2. Second term: Multiples of $3^2 = 9$ We find the number of multiples of 9 up to 50: $\left\lfloor \frac{50}{9} \right\rfloor = \lfloor 5.55\dots \rfloor = 5$ These numbers (9, 18, 27, 36, 45) contribute an additional factor of 3. For instance, 9 contributes two factors of 3 in total (one counted from the $\lfloor 50/3 \rfloor$ term, and one from this term).

3. Third term: Multiples of $3^3 = 27$ We find the number of multiples of 27 up to 50: $\left\lfloor \frac{50}{27} \right\rfloor = \lfloor 1.85\dots \rfloor = 1$ The number 27 contributes an additional factor of 3. It has three factors of 3 ($3^3=27$). It was counted in $\lfloor 50/3 \rfloor$, then in $\lfloor 50/9 \rfloor$, and now in $\lfloor 50/27 \rfloor$, correctly summing to three factors.

4. Fourth term: Multiples of $3^4 = 81$ We find the number of multiples of 81 up to 50: $\left\lfloor \frac{50}{81} \right\rfloor = \lfloor 0.61\dots \rfloor = 0$ Since $3^4 = 81 > 50$, there are no multiples of 81 less than or equal to 50. All subsequent terms for higher powers of 3 will also be 0.

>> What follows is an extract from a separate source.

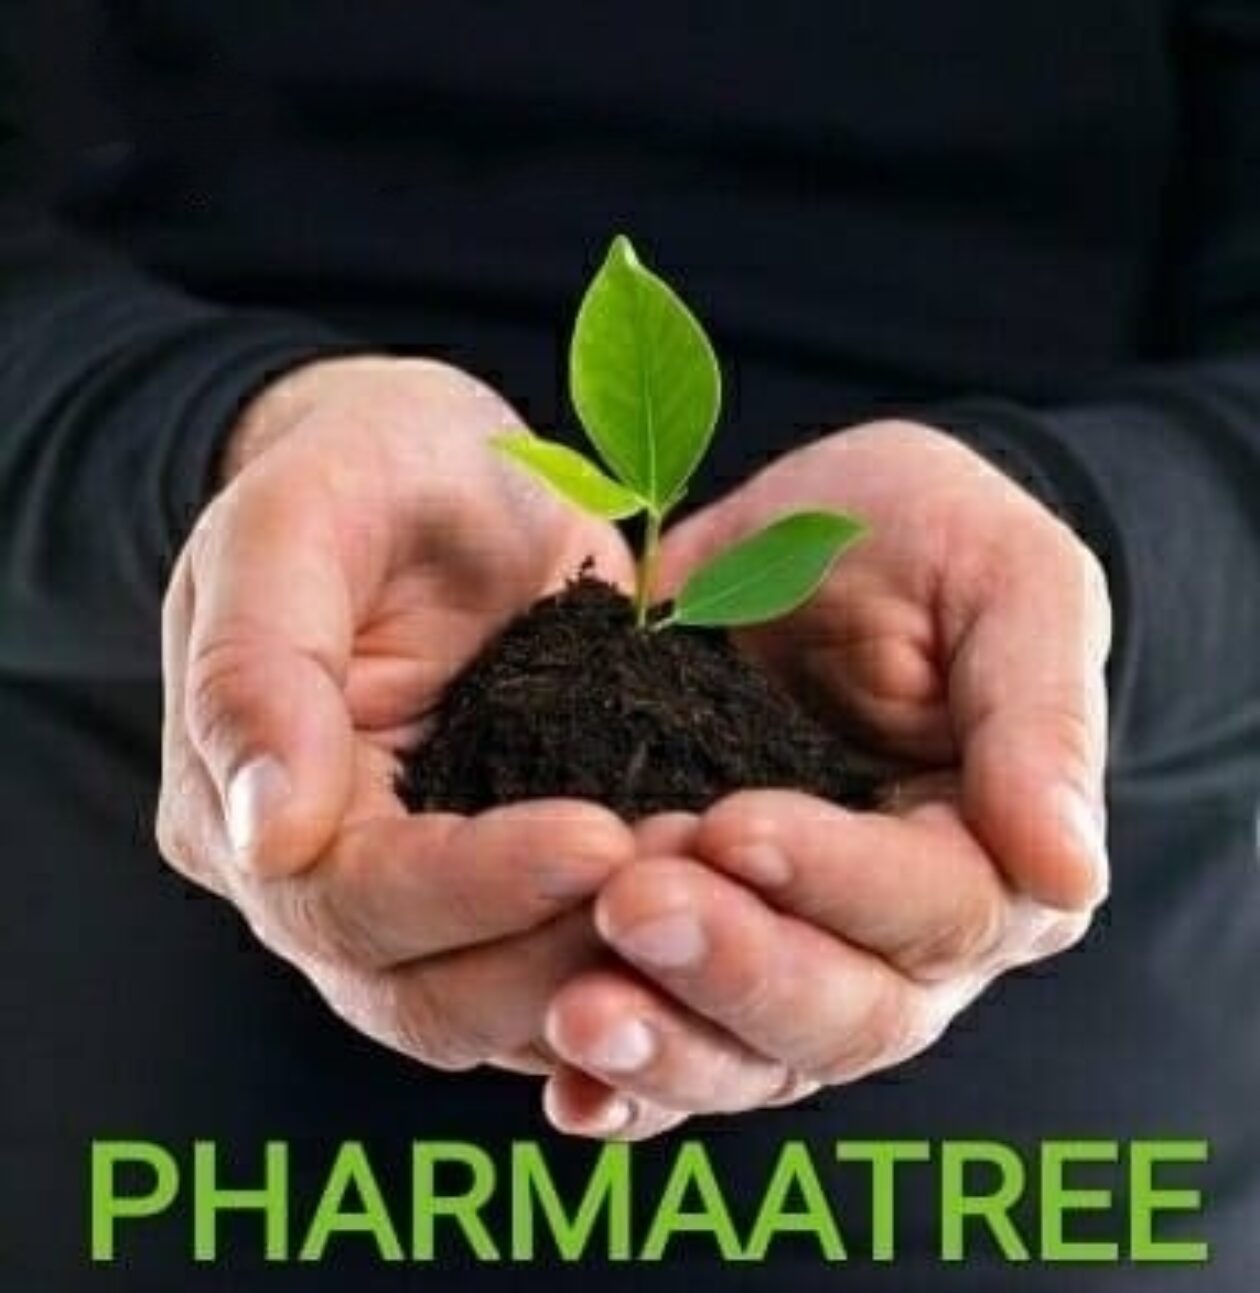 www.pharmaatree.in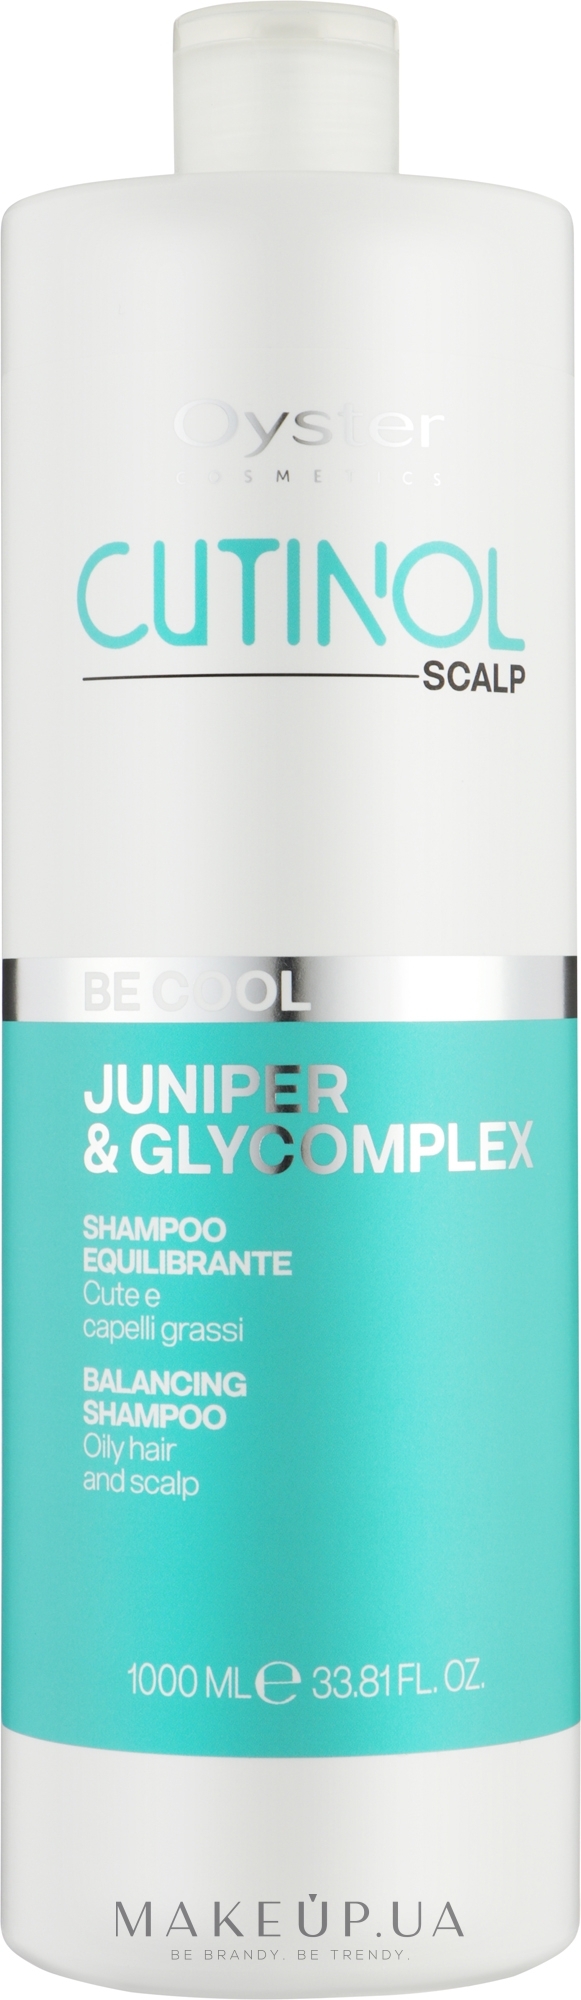 Шампунь для жирного волосся та шкіри голови - Oyster Cosmetics Cutinol Be Cool Shampoo — фото 1000ml

Summing the contributions:

Now, we sum all the calculated terms to find $E_3(50!)$: $E_3(50!) = 16 + 5 + 1 + 0 = 22$ Therefore, the largest $n$ such that $3^n$ divides $50!$ is 22.

Relevant Tips and Common Mistakes

• Prime Base Only: Legendre's Formula directly applies only when the base is a prime number. If you need to find the exponent of a composite number (e.g., $6^n$ divides $50!$), first factorize the composite number into its prime factors ($6 = 2 \times 3$). Then, find the exponent for each prime factor separately ($E_2(50!)$ and $E_3(50!)$). The final answer will be the minimum of these exponents, because you can only form as many $6$'s as you have pairs of $2$s and $3$s.
• Floor Function Accuracy: Ensure correct calculation of the floor function $\lfloor x \rfloor$, which gives the greatest integer less than or equal to $x$.
• Don't Stop Early: Make sure to continue calculating terms until $\left\lfloor \frac{n}{p^k} \right\rfloor$ becomes 0. Missing higher power terms is a common error.
• Understanding vs. Memorizing: While memorizing the formula is useful, understanding why it works helps in avoiding mistakes and applying it to variations of the problem.

Conclusion

By applying Legendre's Formula, we systematically counted all factors of 3 within the product $50!$. The total count is 22. This means $3^{22}$ is the highest power of 3 that can divide $50!$.

The final answer is $\boxed{\text{22}}$.